C.G.: Eu acho que a maior forma de divulgar meu trabalho é ter contato com as pessoas e potencializar o que elas fazem por meio da minha fotografia. Foi assim com o graffiti, com a música e com tudo o que fotografei por acreditar, por apostar naquilo e achar importante dar visibilidade. Daí a gente faz contatos, se articula. No boca a boca a coisa ainda é muito forte. Ainda existe no fotojornalismo um certo preconceito com as fotógrafas. Ainda é um ambiente muito masculino, quando você chega numa pauta, geralmente 80% dos colegas de imagem são homens; se contar com os cinegrafistas, esse percentual aumenta. A gente sente que nem todo mundo leva fé que uma mulher vá fazer um trabalho pesado – cobertura policial, política – como um homem. Mas aos poucos vamos quebrando esses preconceitos! E acredito que as pessoas – homens e mulheres – acham bacana ver uma mulher numa profissão tão dinâmica, física – a gente carrega muito peso e anda muito!

N.V.: Meu trabalho é divulgado principalmente nas redes sociais como Facebook, Flickr e Instagram. Como registro boa parte das ações do coletivo Manifesto Crespo (e também teatro, dança e música), muitos que conhecem meu trabalho o associam às atividades de cultura negra. Busco também espaços como exposições e publicações e julgo que, ainda que seja mais restrito, esse espaço existe e é muito importante. Apesar do alcance que a internet proporciona, há pessoas com quem desejo dialogar que são acessadas através de um contato mais direto, como oficinas ou exposições em espaços de quebrada. Sou muito grata à reação das pessoas, o reconhecimento e carinho que têm pelo meu trabalho são presentes estimulantes.

C: Quais conselhos vocês dariam para quem pensa em trabalhar com fotografia voltada às questões sobre o espaço urbano?

C.G.: O primeiro conselho que acredito é estar atenta às questões do nosso espaço urbano hoje. Perceber as contradições e buscar a fotografia como um instrumento que possa chamar atenção pra isso. Não dá pra ir pra rua com medo, com vergonha. Tem que encarar e buscar sentir a rua, viver a rua. Andar na rua é uma coisa importante!  Olhar a cidade pelos diversos meios de transporte – carro, ônibus, a pé, pois cada um vai te dar pontos de vista diferentes. Não ter medo da rua. Se precaver, claro, se der faz um seguro pra sua câmera! Mas acho que o principal mesmo é buscar essa riqueza visual que o espaço urbano tem e que, mesmo suas contradições, dores, abismos, pode virar poesia em foto.

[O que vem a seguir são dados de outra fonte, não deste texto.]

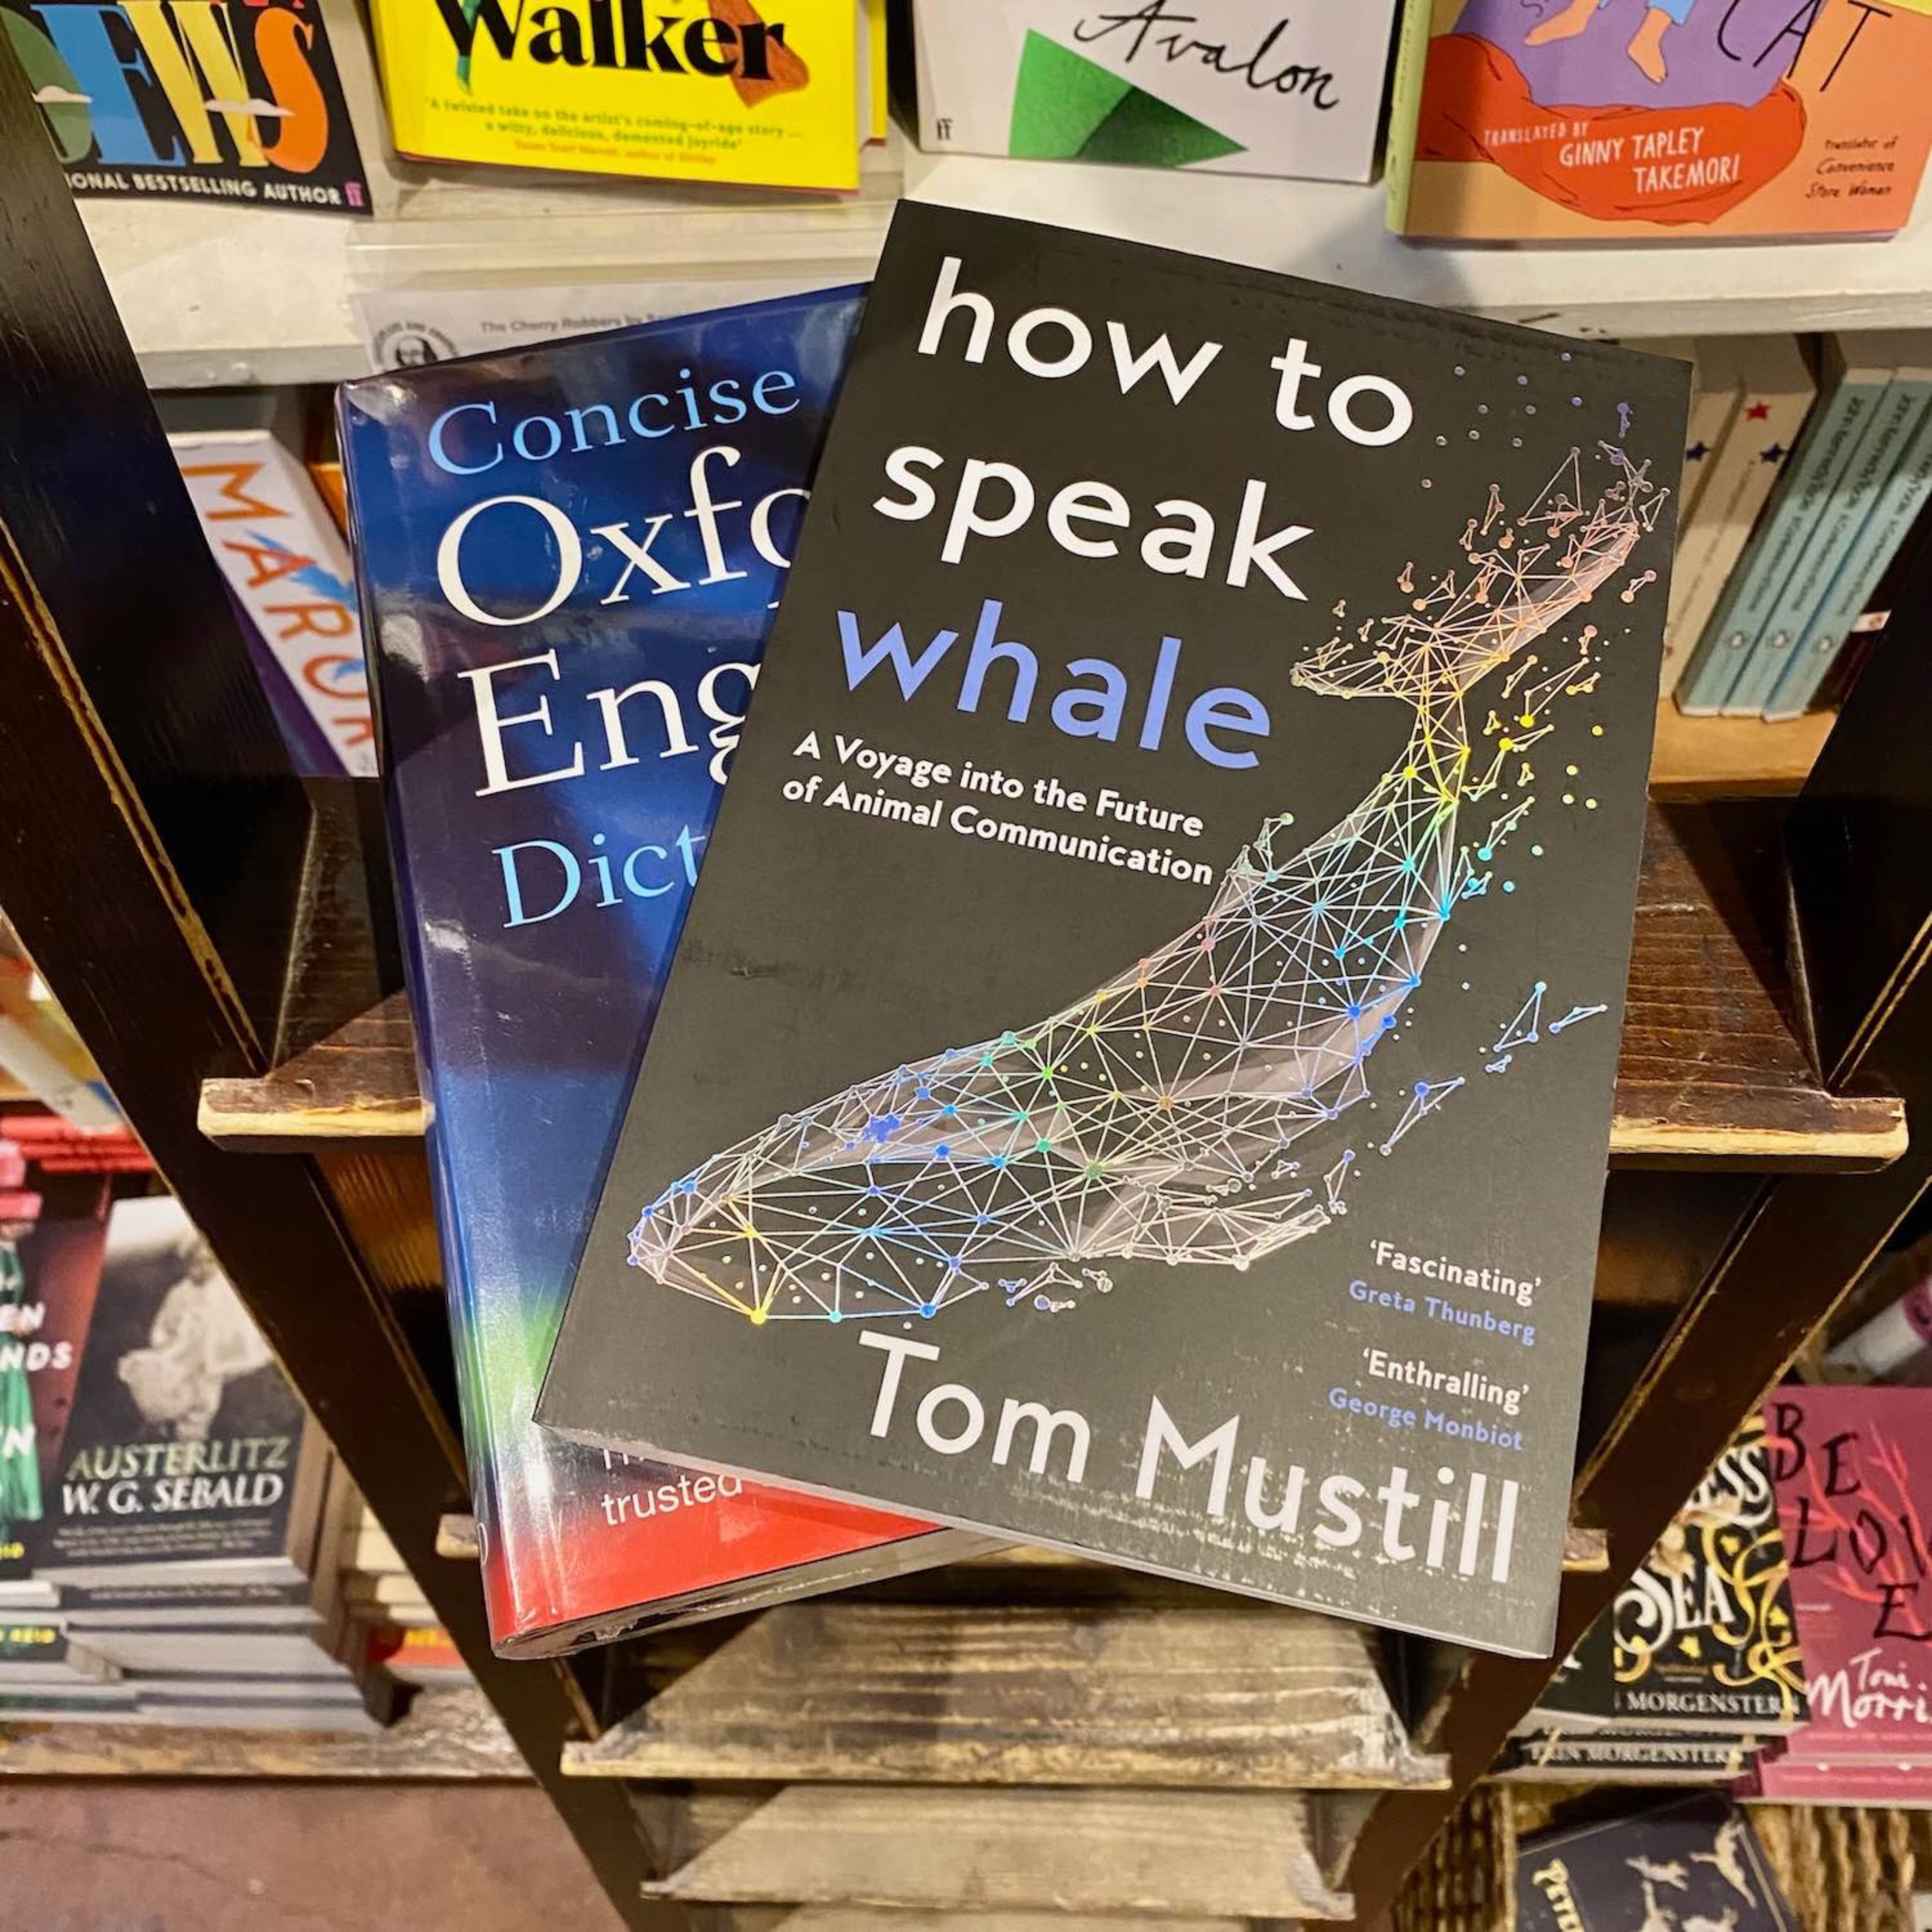 🐋How to Speak to Whales (and other animals…) with Tom Mustill🐋

Uma poesia que mobilize, que preocupe, que transforme o olhar. Mas que também dignifique quem é excluído, quem tá na rua buscando seu espaço – o(a) grafiteiro(a), o(a) trabalhador(a), o operário, o gari, a pessoa que está em situação de rua. Cada ator desse espaço tem um papel na ”escrita” da cidade.

N.V.: Permitir-se experimentar livremente é um dos exercícios mais recompensadores: é assim que mais aprendo, aguço o olhar, descubro recursos técnicos e, principalmente, atinjo resultados que me satisfazem.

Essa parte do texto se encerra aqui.